You can find out more about The Morris Worm in an excerpt from Fancy Bear is phishing which appears in the Book Bites section of the 11th issue of CURIOUS, the free IFLSciences e-magazine, along with an interview with author and law and philosophy professor Shapiro about the hacks that inspired his book.

As he told IFLScience, the history of hacks is often a more complex story than meaningless warfare from behind a keyboard.

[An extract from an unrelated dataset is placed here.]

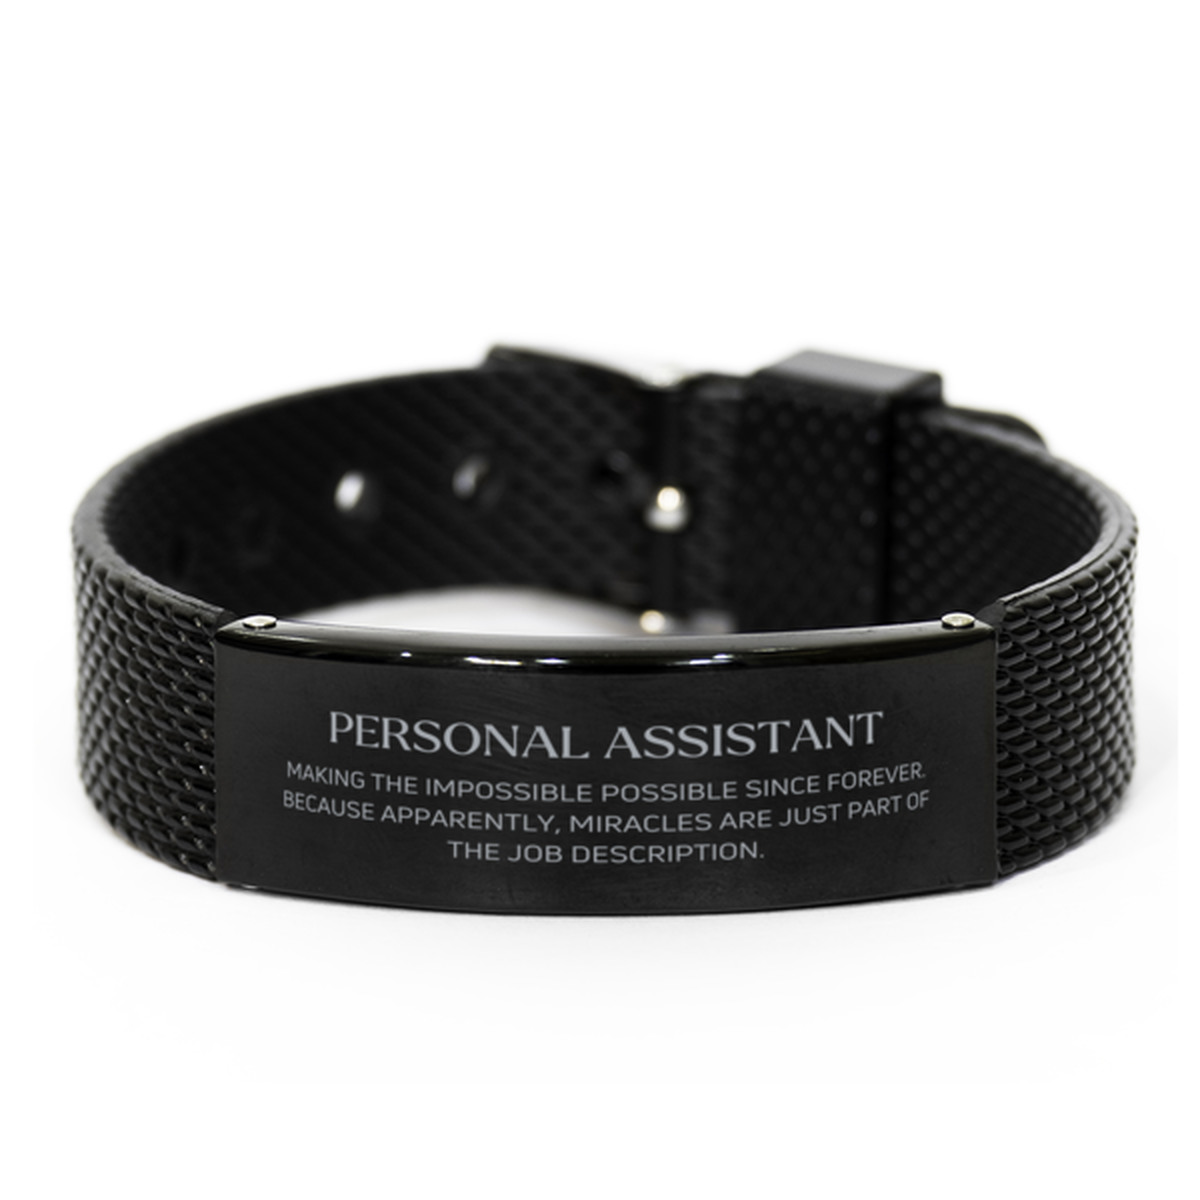 Funny Personal Assistant Gifts, Miracles are just part of the job description, Inspirational Birthday Black Shark Mesh Bracelet For Personal Assistant, Men, Women, Coworkers, Friends, Boss

While the history of hacking sounds like a technical history, it’s actually a human history. This may seem counterintuitive given that hacking is typically associated with highly skilled computer programmers who write code to gain unauthorized access to data on the Internet, Shapiro told IFLScience. To truly understand the root causes of hacking, we need to consider the interplay between what I call upcode and downcode.

Downcode is the technical computer code that hackers use to gain access to systems and data. It’s the code literally under your fingertips. Upcode, on the other hand, refers to the social, political, and institutional forces that shape the world around us, including personal beliefs, social norms, legal norms, company policies, professional ethics, and the terms of service of the website. While computers work with downcode, humans work with upcode. And upcode downcode forms.

Ultimately, hackers exploit human vulnerabilities that give rise to downcode insecurities. That is why it is a mistake to think of cybersecurity as solely or even primarily an engineering problem. It’s more helpful to think of hacking as a human upcode problem. By examining the interaction between upcode and downcode, we can gain a deeper understanding of how hackers operate, why they do what they do, and what steps we can take to prevent future attacks.